Явилось нам ранним утром.
Миры сплелись.
И впрямь странно, что мы не подумали об этом раньше.
Едва рассвело, мы бежали по Дэрривелл-роуд в нескольких километрах от дома. Клэй заметил его на телеграфном столбе, резко остановился и деловито вернулся. Стоит и читает обернутое вокруг столба объявление.
У кого-то кошка только что принесла котят.
Зачем возить Томми к мертвым животным, если к нему могут сами прийти живые?
Я запомнил первую половину телефона, Клэй вторую, но, когда мы позвонили, нарвались на выговор. Объявление повесили три месяца назад, последний из котят шесть недель как продан. Вместе с тем ответившая женщина точно знала, куда нас отправить. Голос у нее был мужской, одновременно открытый и сухой.
– В интернете десятки сайтов про животных, но вам лучше всего подойдет РКТ.
Эта леди имела в виду «Рейсин куортер трибьюн»; ее совет оказался точен и прозорлив: стоило лишь нам заглянуть в эту нашу районную газету – как там продавались одна колли, одна келпи и пара австралийских попугаев. Морская свинка, королевский попугай и три кошки разной породы.
Но в самом низу ждал он, причем объявление уже успело сколько-то провисеть. И я сразу должен был всё понять по тому, как у Клэя зажглись глаза: он внезапно разулыбался и ткнул пальцем вниз:
УПРЯМЫЙ, НО МЕРОЛЮБИВЫЙ МУЛ
НЕ ВЗБРЫКИВАЕТ, НЕ РЕВЕТ
$200 (торг)
НЕ ПОЖАЛЕЕТЕ
Спросить Малкольма
– Ни в коем разе не показывай Томми, – сказал я, но Клэй чихать хотел.
Он еще раз плавно опустил палец на ошибку в первой строке.
– Упрямый, – сказал он, – но меролюбивый.
Мы сошлись на одноми из котов – хозяева уезжали за границу. Везти с собой оказалось слишком дорого. Они сказали, что его зовут Матрос, но мы точно знали, что переназовем по-своему. Крупный, тюфяк с мурчалками – черные губы, гудроновые лапы – и хвост, словно вялый меч.
Мы покатили куда-то в Уэзерилл, через два района к западу от нас, и на коленях у Клэя кот приехал домой; за всю дорогу он не шевельнул и ухом, только мурчал вместе с мотором в унисон. И ритмично впускал в Клэя когти.

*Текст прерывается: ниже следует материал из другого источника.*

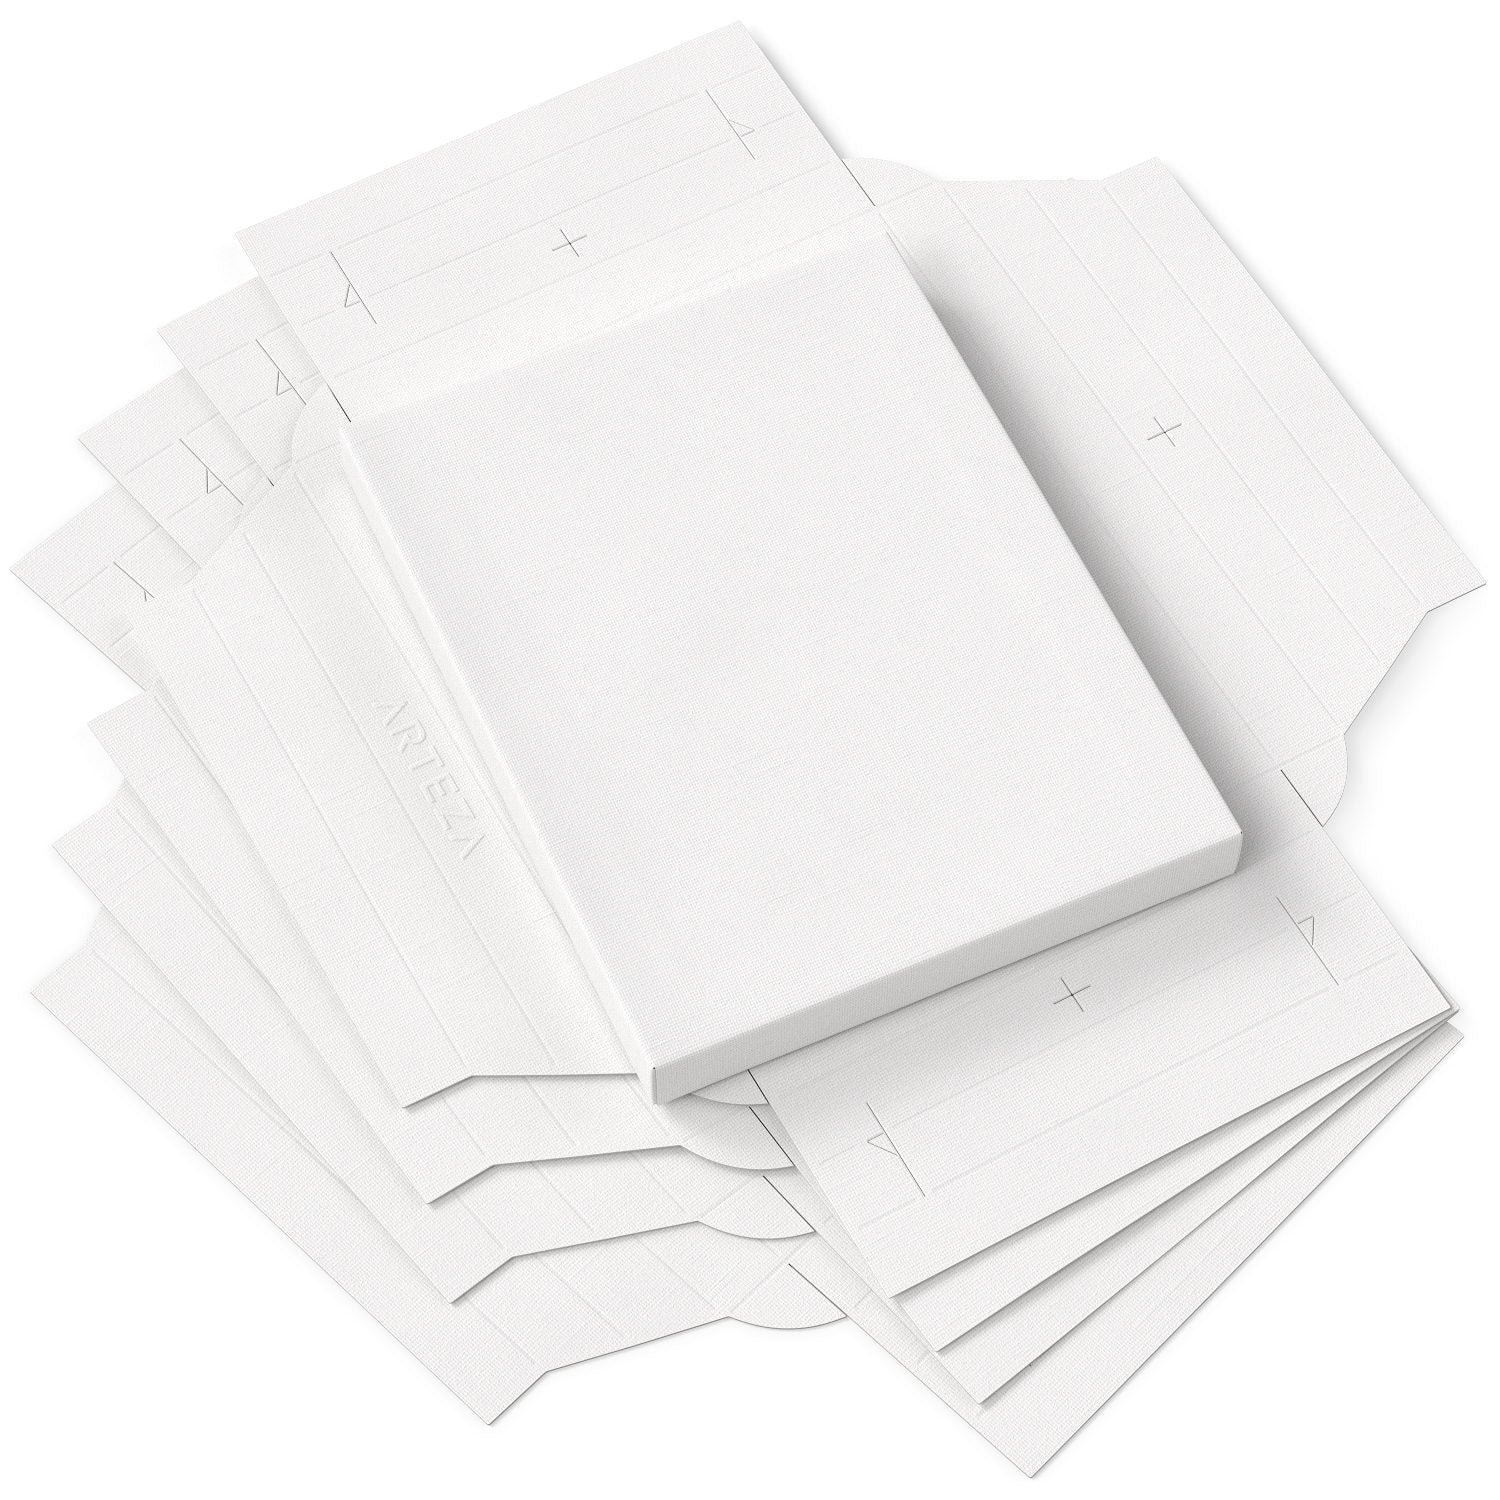 Ikshu Canvas Paper 25 Sheets UNRULD. A4 256 gsm Canvas Paper  - Canvas Paper

Господи, если бы вы только видели Томми.
Жаль, что вы его не видели.
Дома мы поднялись на крыльцо.
– Эй, Томми! – позвал я, он вышел, и глаза у него были юные и непреклонные. Взяв кота на руки, он едва не расплакался, прижимая полоски к груди. Он гладил его и ласково трепал, говорил с ним без слов.
Тут вышли оба, Рори и Генри, и изумили великолепной реакцией, почти в один голос возмутившись.
– Эй, это как это, Томми завел, сцуко, кота?
Клэй отвел глаза. Я ответил:
– Потому что мы его любим.
– А нас вы не любите?
Тут мы услышали заявление Томми и моментальную отповедь Клэя:
– Я его назову Ахиллес.
Резко:
– Нет, не его.
Я тут же посмотрел на Клэя.
Я был упрям и уж точно не меролюбив:
Нет, Клэй, черт тебя дери, сказал я, пусть только взглядом, – но кого я пытался одурачить? Как бы то ни было, Томми держал кота как новорожденного младенца.
– Ладно, – сказал он. – Тогда Агамемнон.
На этот раз ему не велел Рори.
– Придумай имя, которое мы сможем выговорить.
И он все равно воздал дань Пенелопе.
– Тогда, может, Гектор?
Величайший герой среди всех троянцев.
Кивки и согласное бурчание.
Следующим утром в конных кварталах обнаружились повороты, о которых я знать не знал, и мы выбежали на Эпсом-роуд. Неподалеку от тоннеля Лонро. Над нами продребезжал поезд. Это была одна из тутошних забытых улиц с единственным забытым полем. Все ограды покосились. С деревьев облезала волокнистая кора; словно башни, они не сдавали своих рубежей.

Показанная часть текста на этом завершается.